DATA SECTION
──────────────────────────────
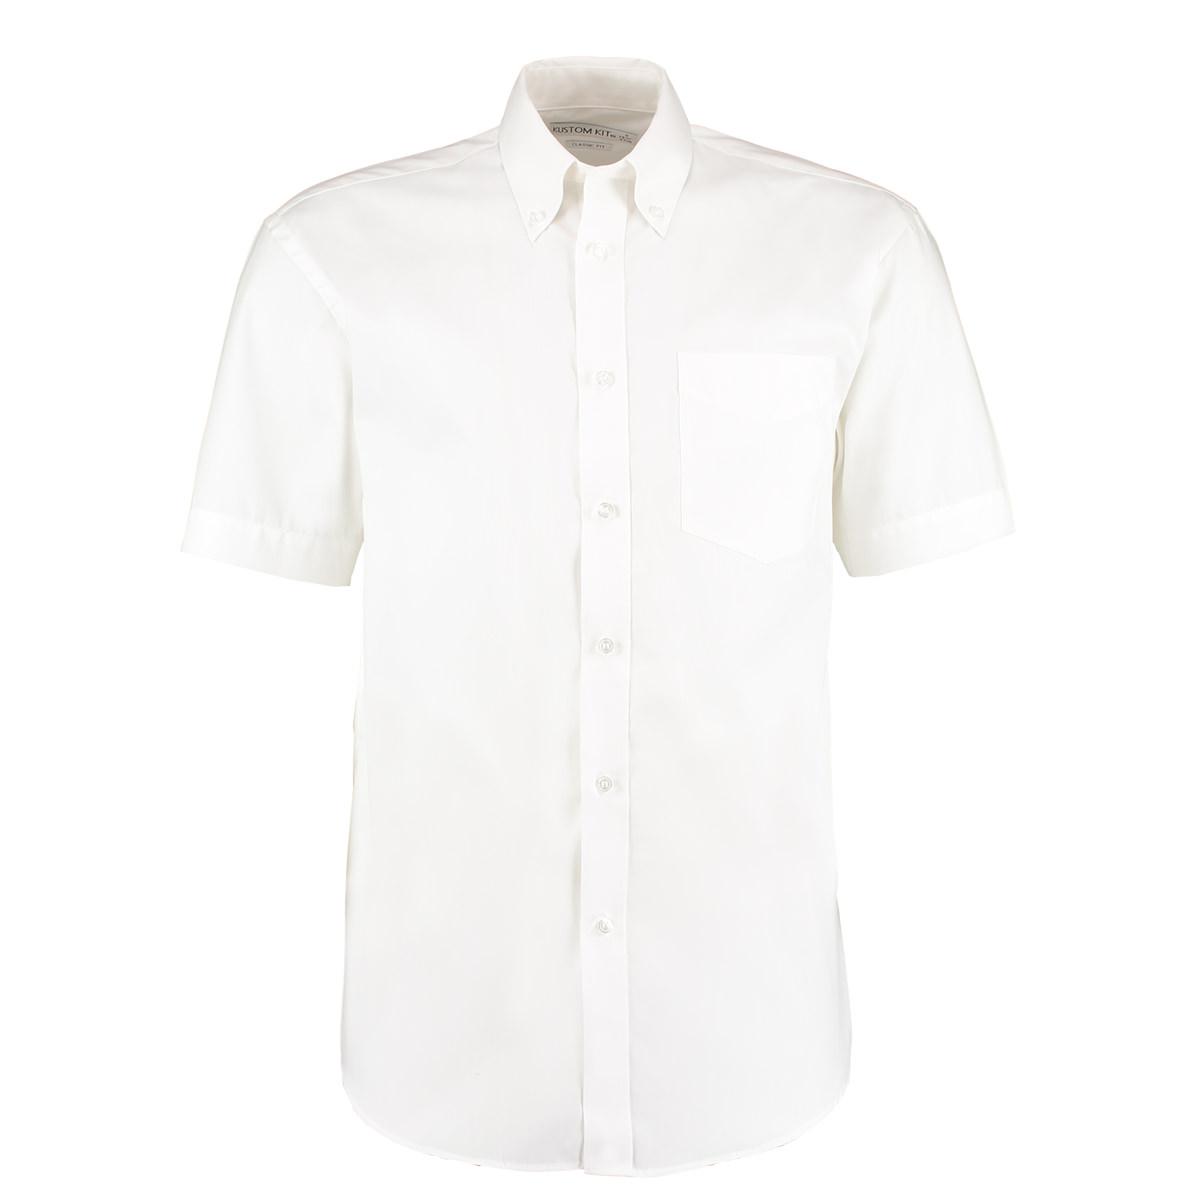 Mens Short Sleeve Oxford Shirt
──────────────────────────────
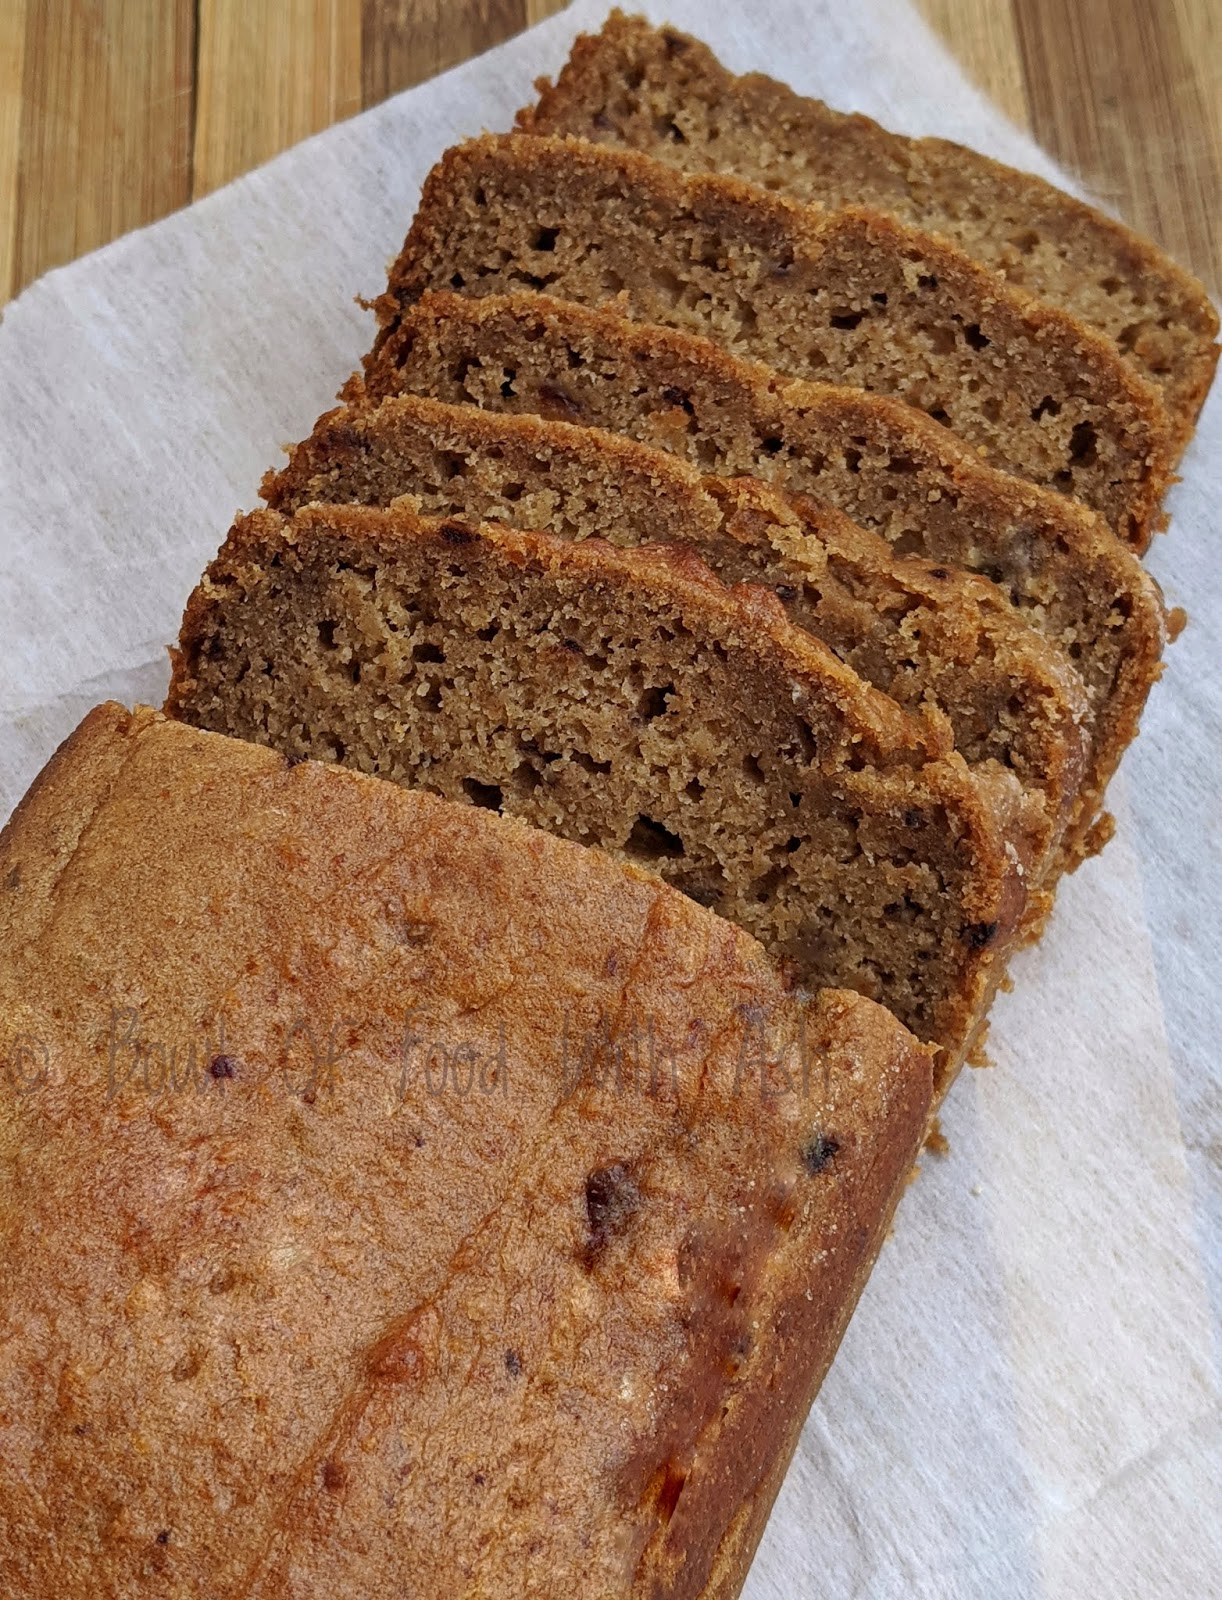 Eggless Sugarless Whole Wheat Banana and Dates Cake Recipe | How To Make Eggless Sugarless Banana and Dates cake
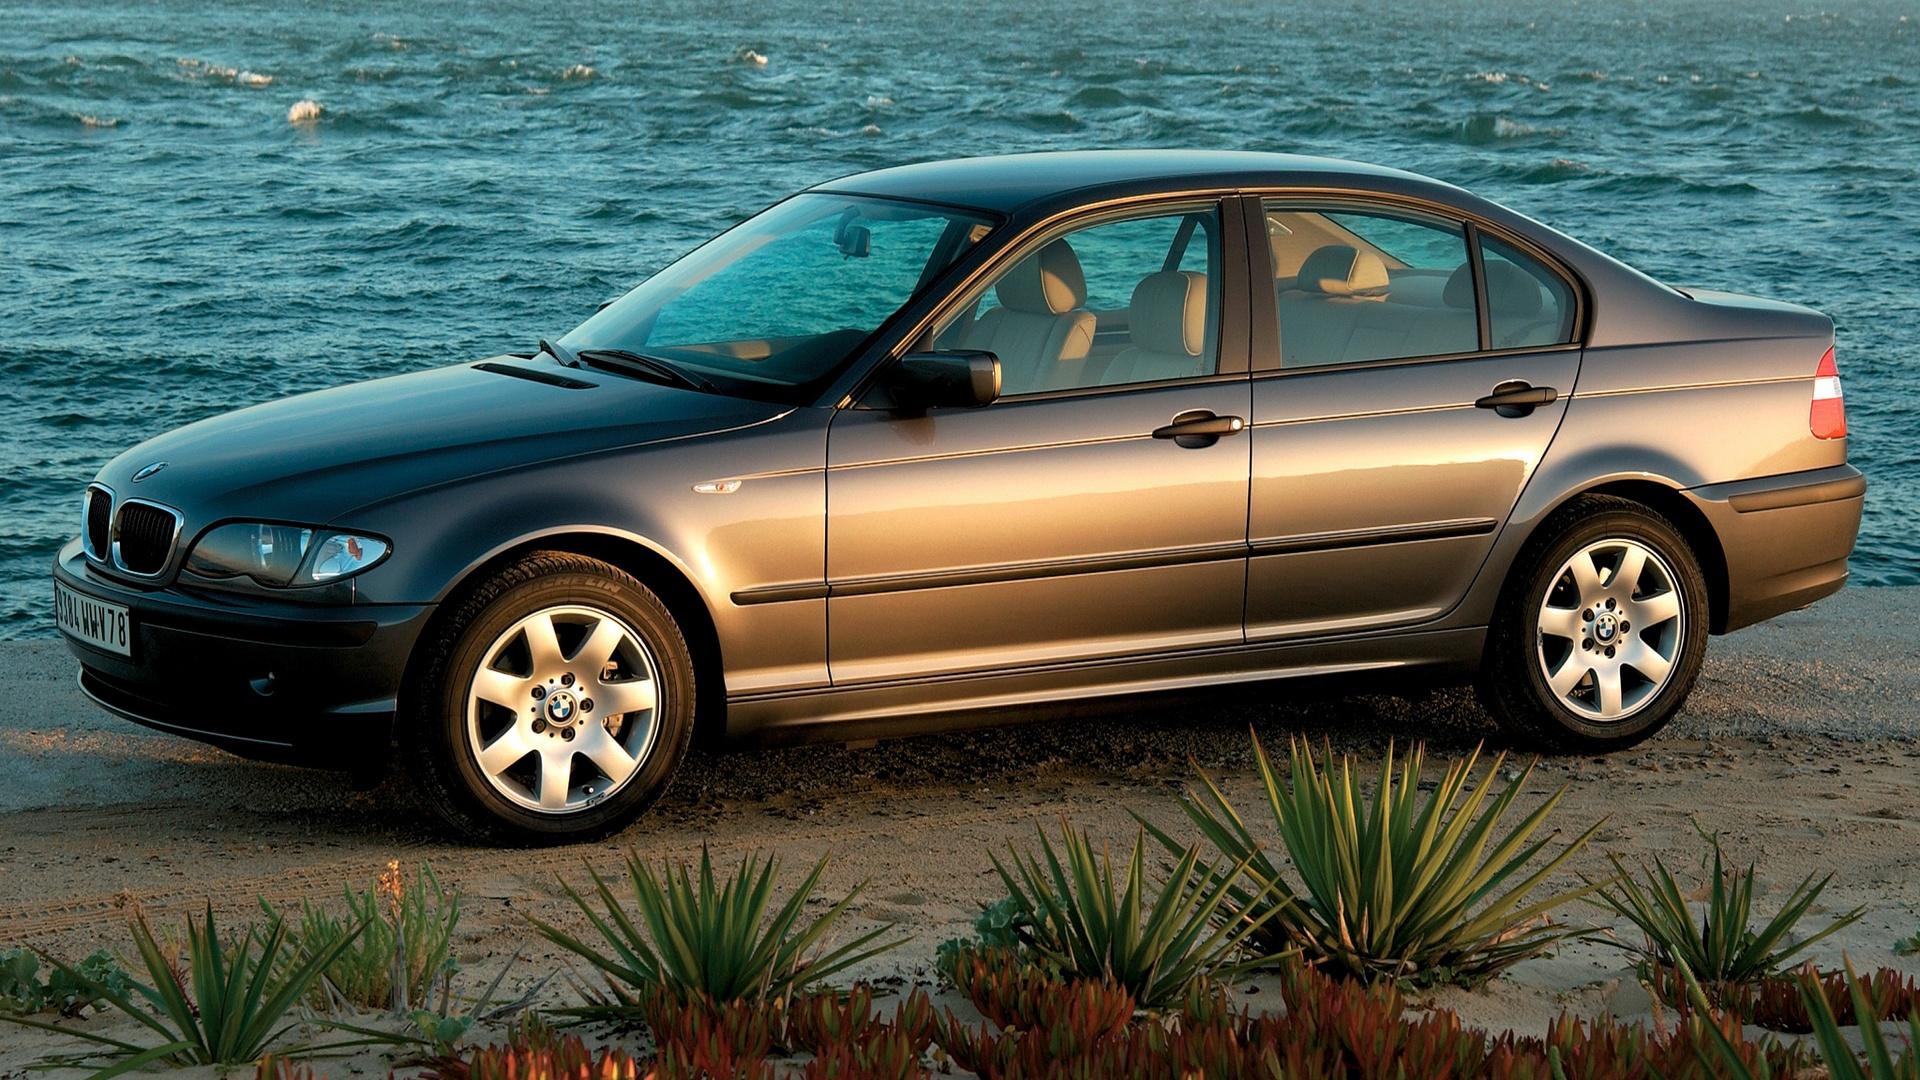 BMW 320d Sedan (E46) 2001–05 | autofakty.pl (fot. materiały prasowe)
──────────────────────────────
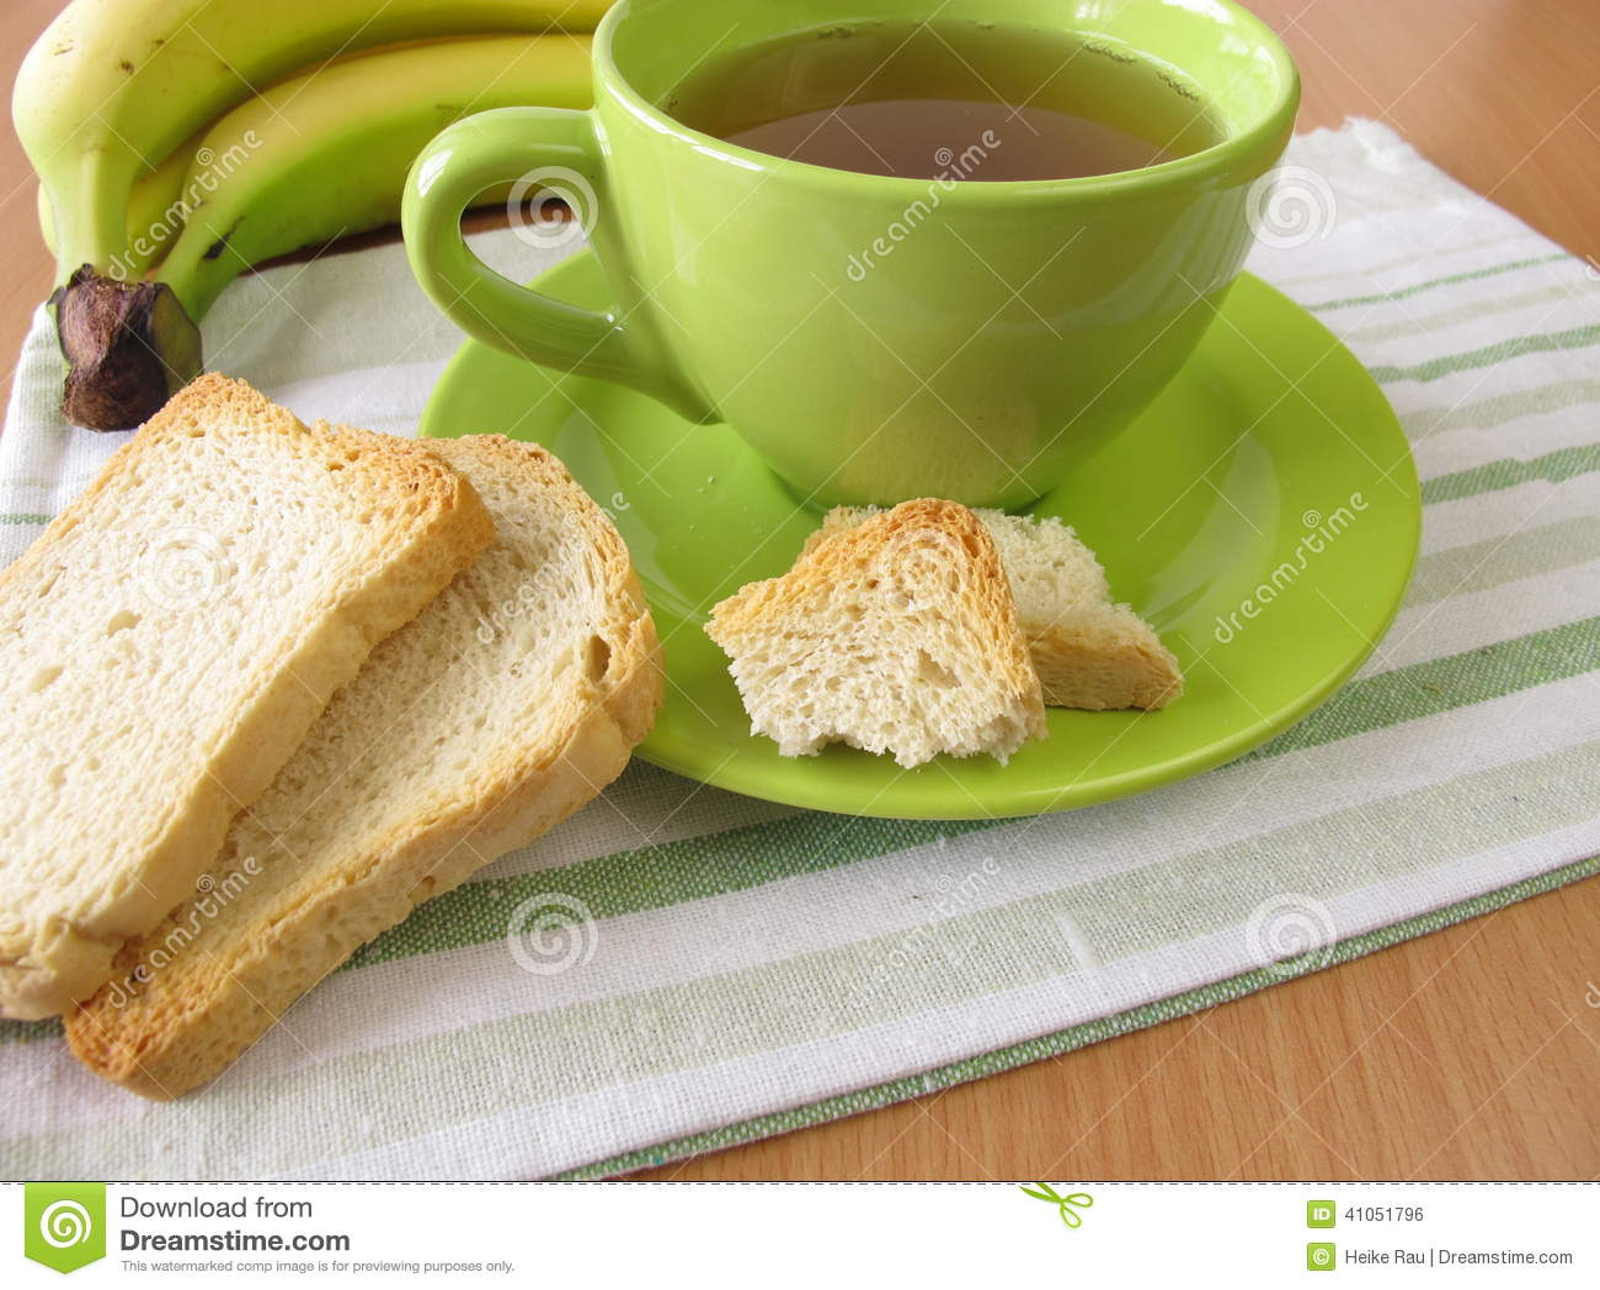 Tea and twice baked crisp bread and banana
──────────────────────────────
WHAT NEEDS TO BE DONE
Copy back exactly the lines above from the one containing "Eggless Sugarless Whole" through the one containing "BMW 320d Sedan", and leave every picture behind.

ANSWER BELOW
 Eggless Sugarless Whole Wheat Banana and Dates Cake Recipe | How To Make Eggless Sugarless Banana and Dates cake
 BMW 320d Sedan (E46) 2001–05 | autofakty.pl (fot. materiały prasowe)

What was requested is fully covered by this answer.